Mei Foo Sun Chuen, a private housing estate with 99 residential blocks, was developed roughly at the same time. Lai Chi Kok Bridge continues through the estate as an elevated roadway. Various amenities were built under the bridge here, including the community's wet market, bus terminus, an open plaza, and a community centre.

In 1975, the Hong Kong Government announced plans to reclaim Lai Chi Kok Bay, providing a park on the new land to help resolve the scarcity of public recreational space in the area. It said the bay, popular with swimmers, was badly polluted and constituted a health hazard. The bay was subsequently filled in, meaning the bridge no longer spans any water and simply resembles an elevated road. The bridge required underpinning to contend with additional loading imposed by the new fill.

In the 1990s, the Urban Council developed the new land directly under the bridge as the Lai Chi Kok Park Stage II. From 1999 to 2003, an extension of Mei Foo station was constructed as part of the West Rail project, adding new railway platforms and a new ticketing concourse. These new structures were built directly below the Lai Chi Kok Bridge, causing the bridge to shift slightly.
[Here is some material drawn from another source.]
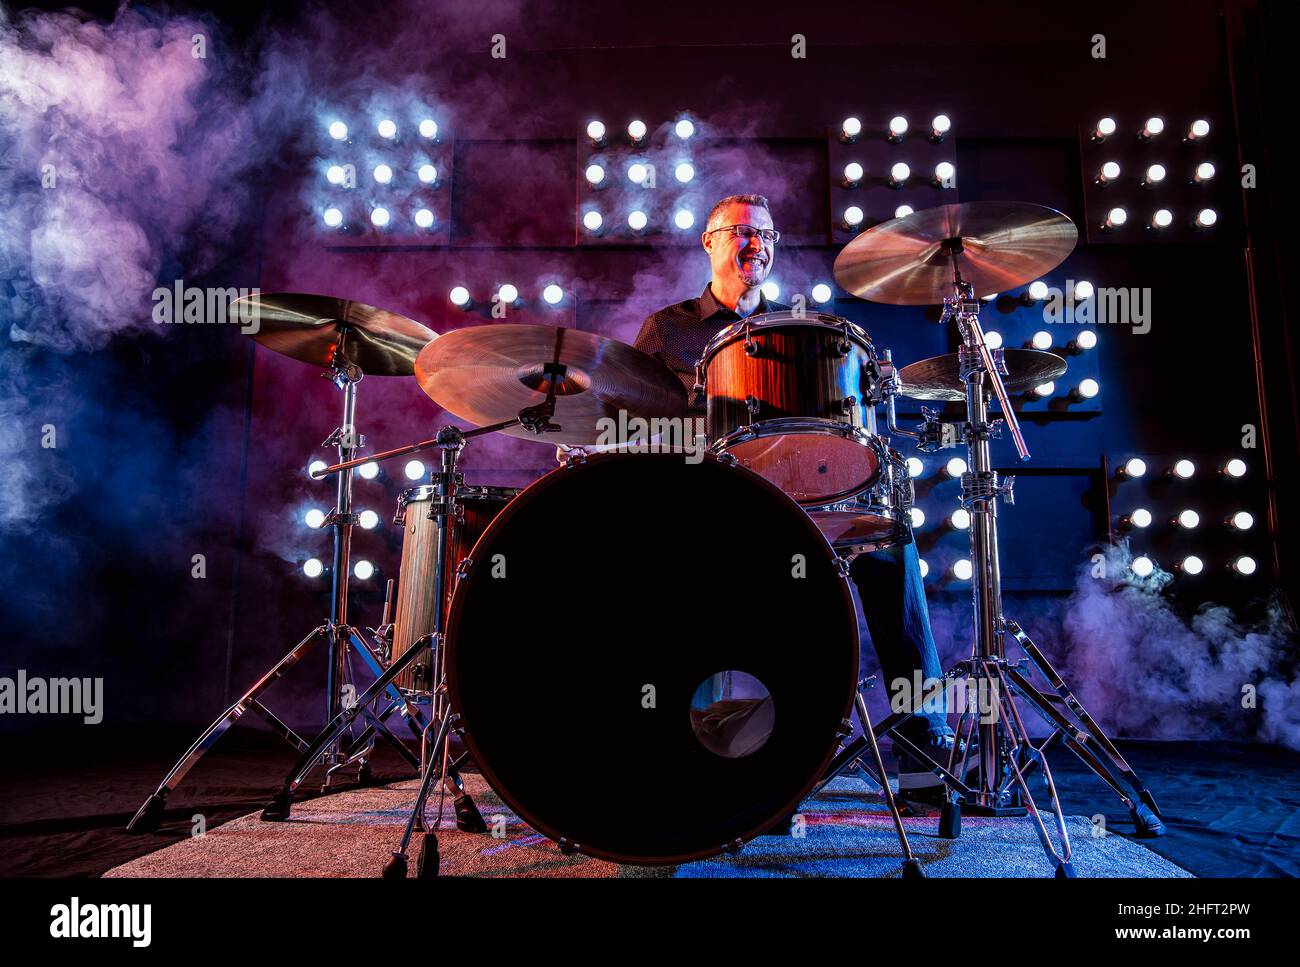 drummer performing in front of audience blinder Stock Photo

==Design and construction==
The bridge is a 2600-foot-long concrete structure with 29 spans. It was designed by Scott and Wilson, Kirkpatrick and Partners together with the former Public Works Department of the Hong Kong Government, and built by Paul Y. Construction.

==Traffic==
The bridge deck carries three vehicular lanes in each direction. Part of the bridge (the part that spanned the former bay) also has pavements on both sides of the carriageway. There are two slip roads partway along the bridge – one allows eastbound traffic to exit onto Cheung Sha Wan Road, while the other allows westbound traffic to enter the bridge from Lai Chi Kok Road.

According to the Transport Department, the part of the bridge that spanned the bay (i.e. west of the slip roads) registered annual average daily traffic (AADT) of 82,740 in 2017.

==Noise==
The bridge bisects Mei Foo Sun Chuen, and parts of the road pass very closely to residential blocks. As a result, some residents have long complained that the road constitutes a noise nuisance. In 2000, the Hong Kong Government announced a policy to implement noise reduction strategies at flyovers that pass close to buildings, including constructing acoustic barriers and resurfacing roads with "low-noise material". Under this policy, the Lai Chi Kok Bridge was resurfaced in the early 2000s. However, the government said that adding noise barriers was not feasible as the road structure cannot support the added weight. Further, it said that there was no space for a separate noise barrier structure, and the barriers would obstruct firefighting in the event of a fire.